5. Originally Posted by grav
But I'm not curving it around with the arc, just magnifying it from the same distance. So at 180 degrees of sight, wouldn't it appear infinitely large?
I kind of get what you might be getting at, and that might be equating what you are seeing with the sine of the angle.
The problem is that what you are looking at is not flat, so the triangle/sine thing doesn't apply.
Your field of view is going to be the same at any angle, therefore what you can see does not change between the adjecent and hypotonuse of the triangle that you are looking at. Your shape is a wedge with an arced opposite end instead of a triangle with a flat side.
That arc is proportional to the angle of view therefore the area is 4x proportional.
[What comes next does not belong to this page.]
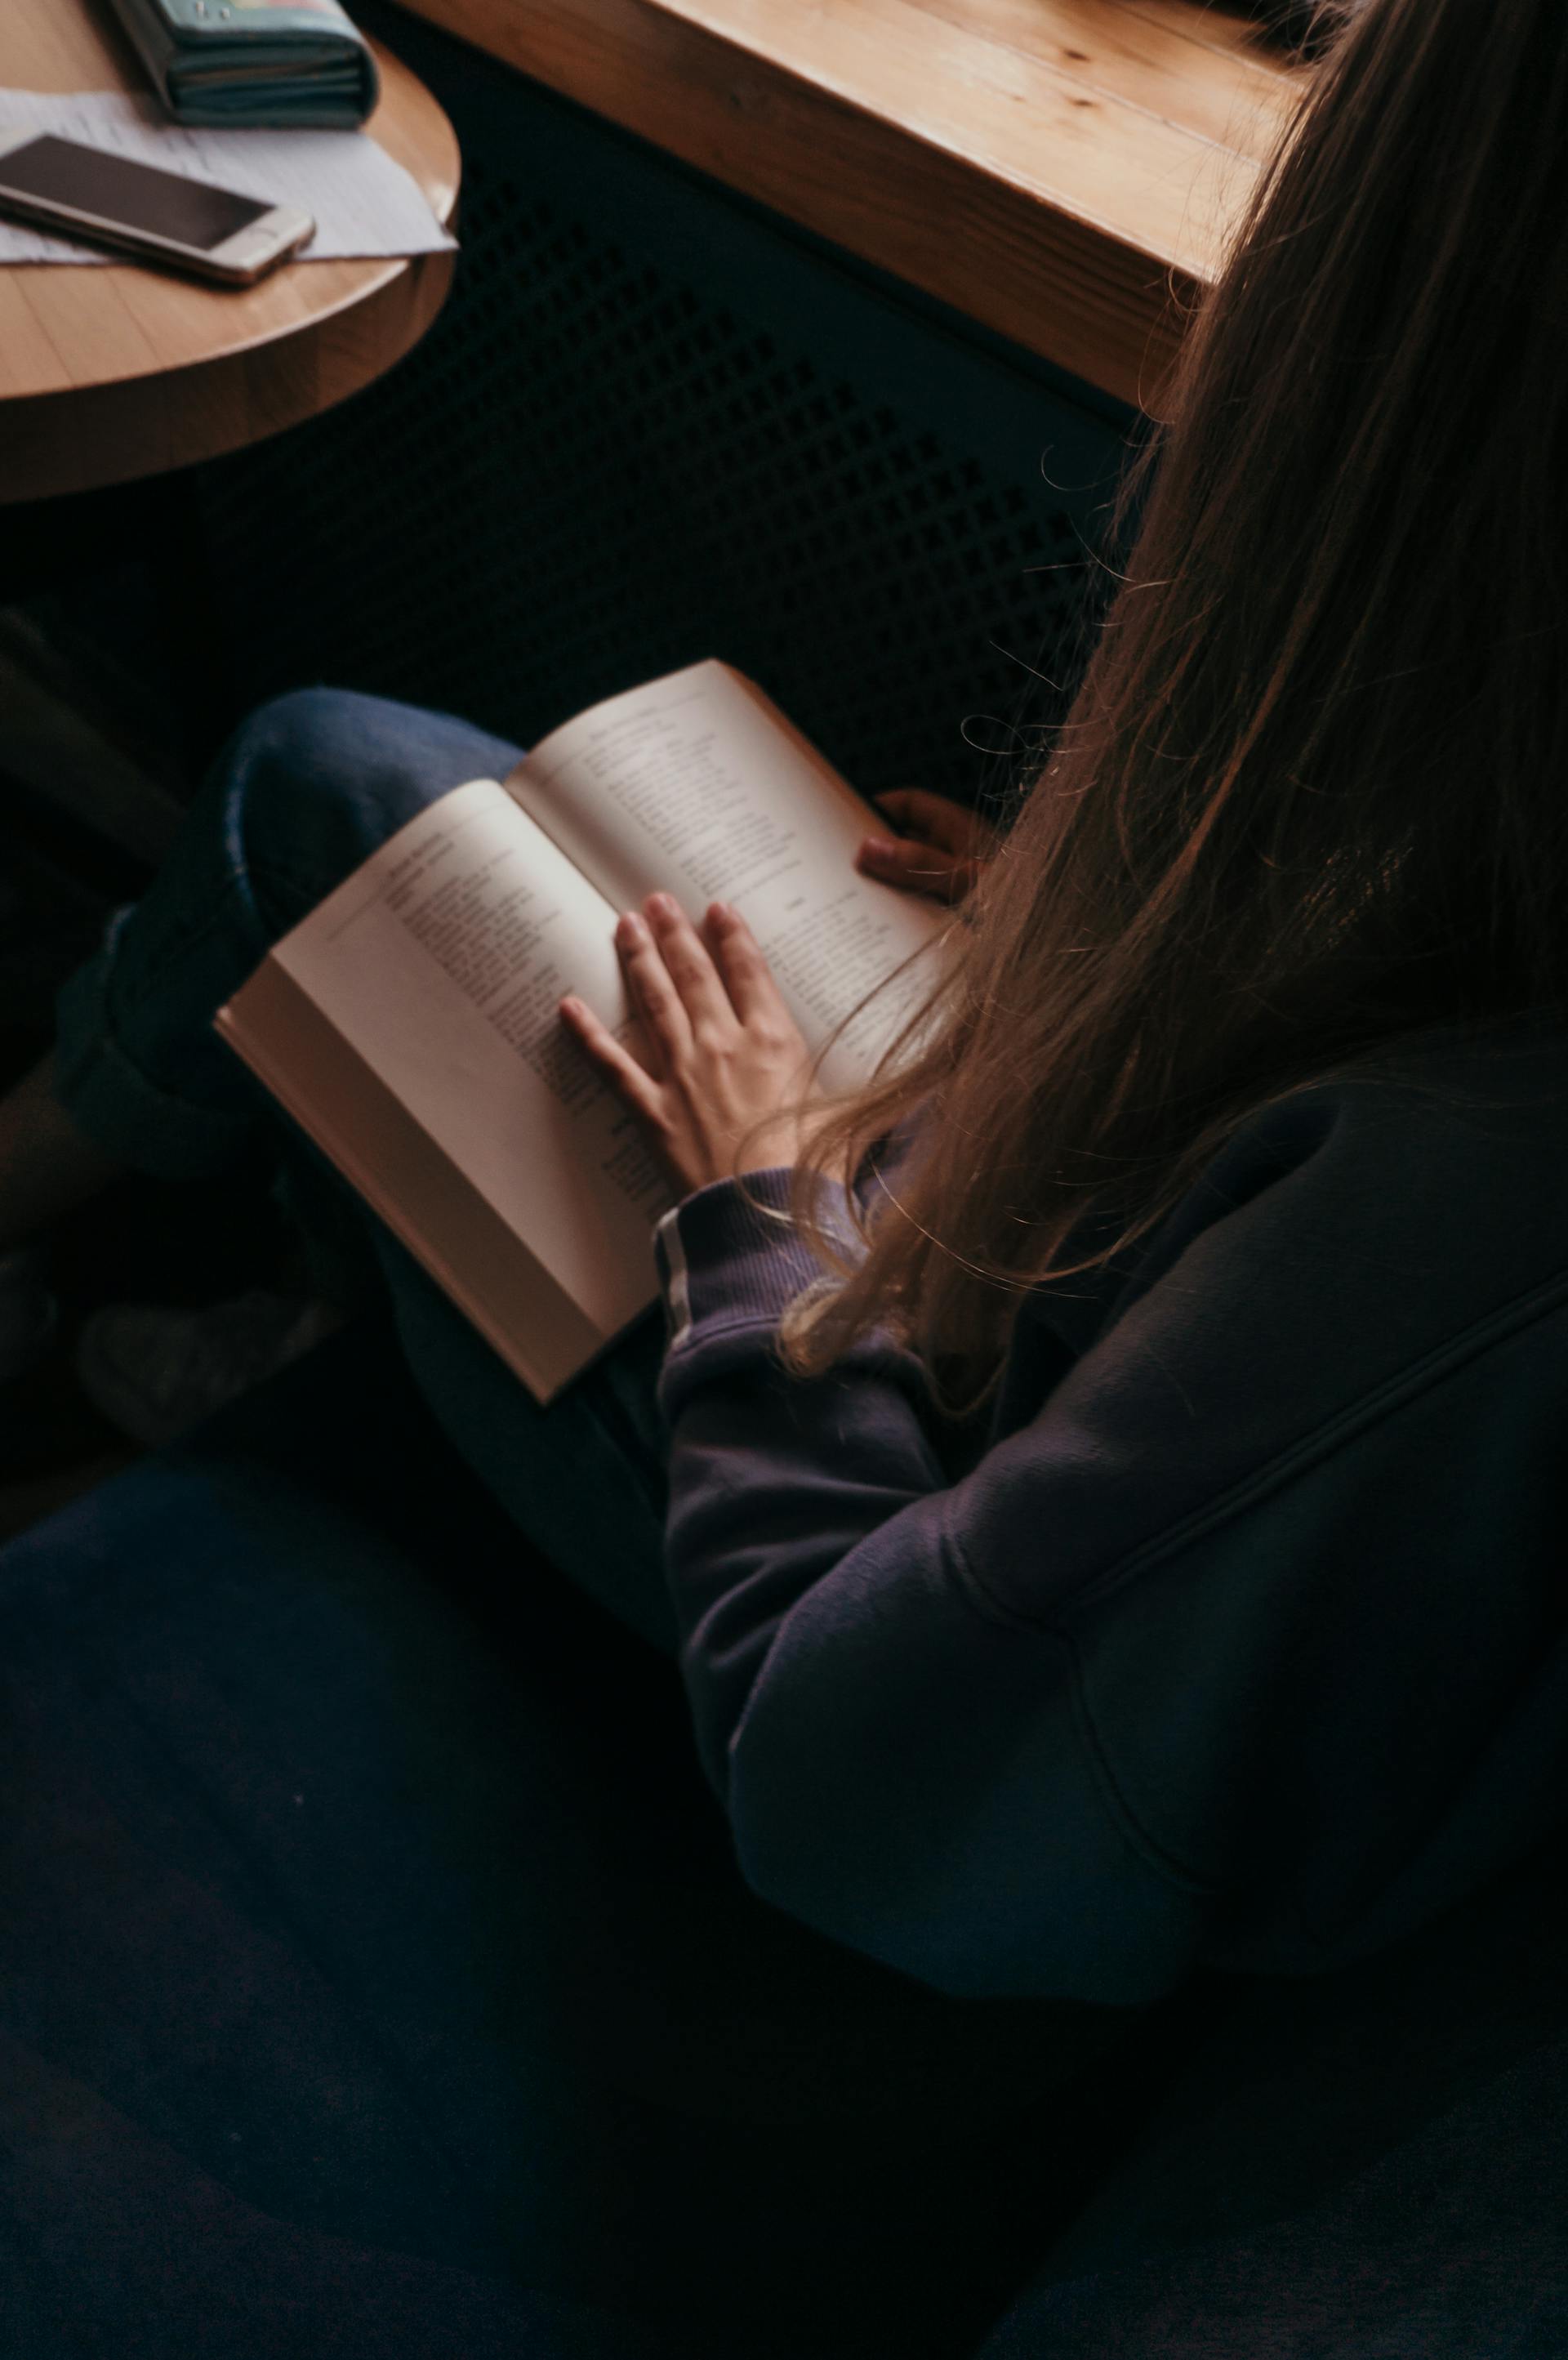 Une personne lisant un livre | Source : Pexels

6. Originally Posted by NEOWatcher
I kind of get what you might be getting at, and that might be equating what you are seeing with the sine of the angle.
The problem is that what you are looking at is not flat, so the triangle/sine thing doesn't apply.
Your field of view is going to be the same at any angle, therefore what you can see does not change between the adjecent and hypotonuse of the triangle that you are looking at. Your shape is a wedge with an arced opposite end instead of a triangle with a flat side.
That arc is proportional to the angle of view therefore the area is 4x proportional.
Yes, that is what I'm asking, except I was thinking it would be the tangent of the angle. Are you sure about the proportion to the angle? I know the arc would be twice as great, but if we see the cross section of an object some distance 'd' away that covers an angle of 1 degree, how would an object at the same distance covering two degrees compare? Wouldn't an object at the same distance that covers 180 degrees appear infinitely large, since that would mean one cannot then see any boundaries or edges of the object, so it wouldn't be just a direct ratio of the angles involved? Otherwise, that would be like saying that a galaxy that is a billion light years away covering our whole field of view is only 180 times wider than one that covers 1 degree of arc, wouldn't it?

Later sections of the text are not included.